President Donald Trump declared Wednesday that a widespread U.S. outbreak of the new respiratory virus sweeping the globe isn't inevitable even as top health authorities at his side warned Americans that more infections are coming.

Trump sought to minimize fears as he insisted the U.S. is “very, very ready” for whatever the COVID-19 outbreak brings. Under fire about the government's response, he put Vice-President Mike Pence in charge of co-ordinating the efforts.

“This will end,” Trump said of the outbreak at a White House news conference. “You don't want to see panic because there's no reason to be panicked.”

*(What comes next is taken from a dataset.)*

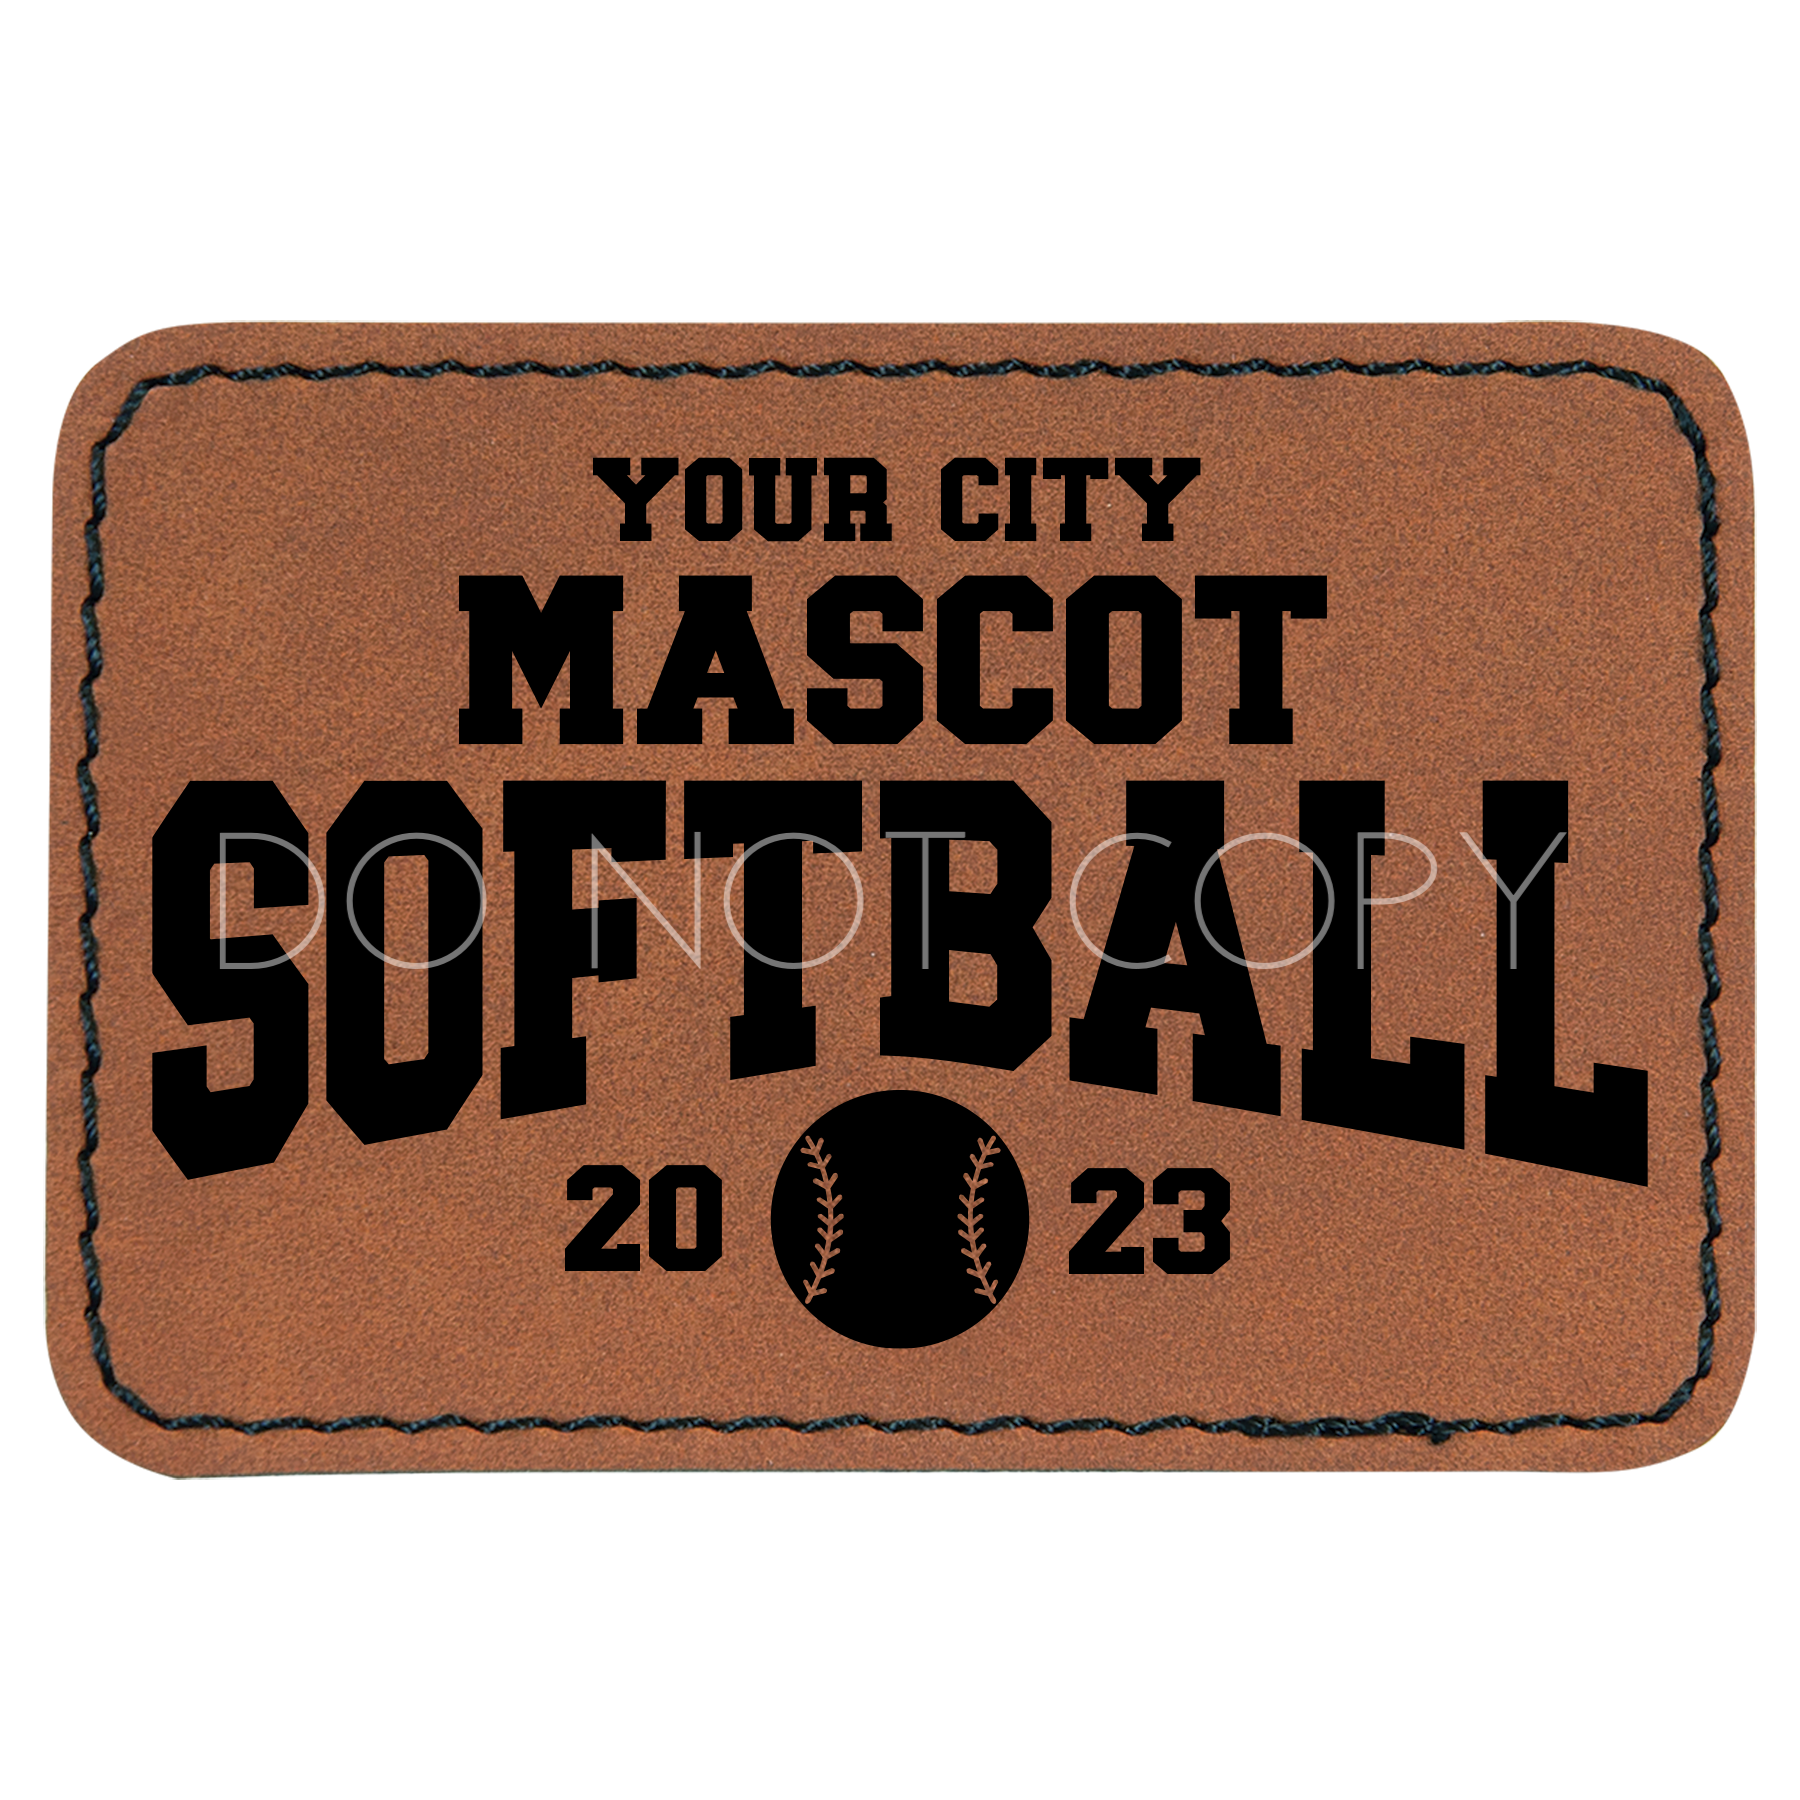 Your City Mascot Softball V.2 Patch

But standing next to him, the very health officials Trump praised for fighting the new coronavirus stressed that schools, businesses and individuals need to get ready.

“We do expect more cases,” said Dr. Anne Schuchat of the Centers for Disease Control and Prevention.

Shortly after Trump spoke, the CDC announced a worrisome development: Another person in the U.S. is infected — someone in California who doesn't appear to have travelled abroad or been exposed to another patient. If the CDC confirms that, it would be a first in this country and a sign that efforts to contain the virus' spread haven't been enough.

“It's possible this could be an instance of community spread of COVID-19," the CDC said in a statement.

More than 81,000 cases of COVID-19, an illness characterized by fever and coughing and in serious cases shortness of breath or pneumonia, have occurred since the new virus emerged in China.

The newest case from California brings the total number infected in the U.S. to 60, most of them evacuated from outbreak zones.

Trump credited border restrictions that have blocked people coming into the U.S. from China for keeping infections low so far. But now countries around the world — from South Korea and Japan to Italy and Iran — are experiencing growing numbers of cases. Asked if it was time to either lift the China restrictions, or take steps for travellers from elsewhere, he said: “At a right time we may do that. Right now it's not the time.”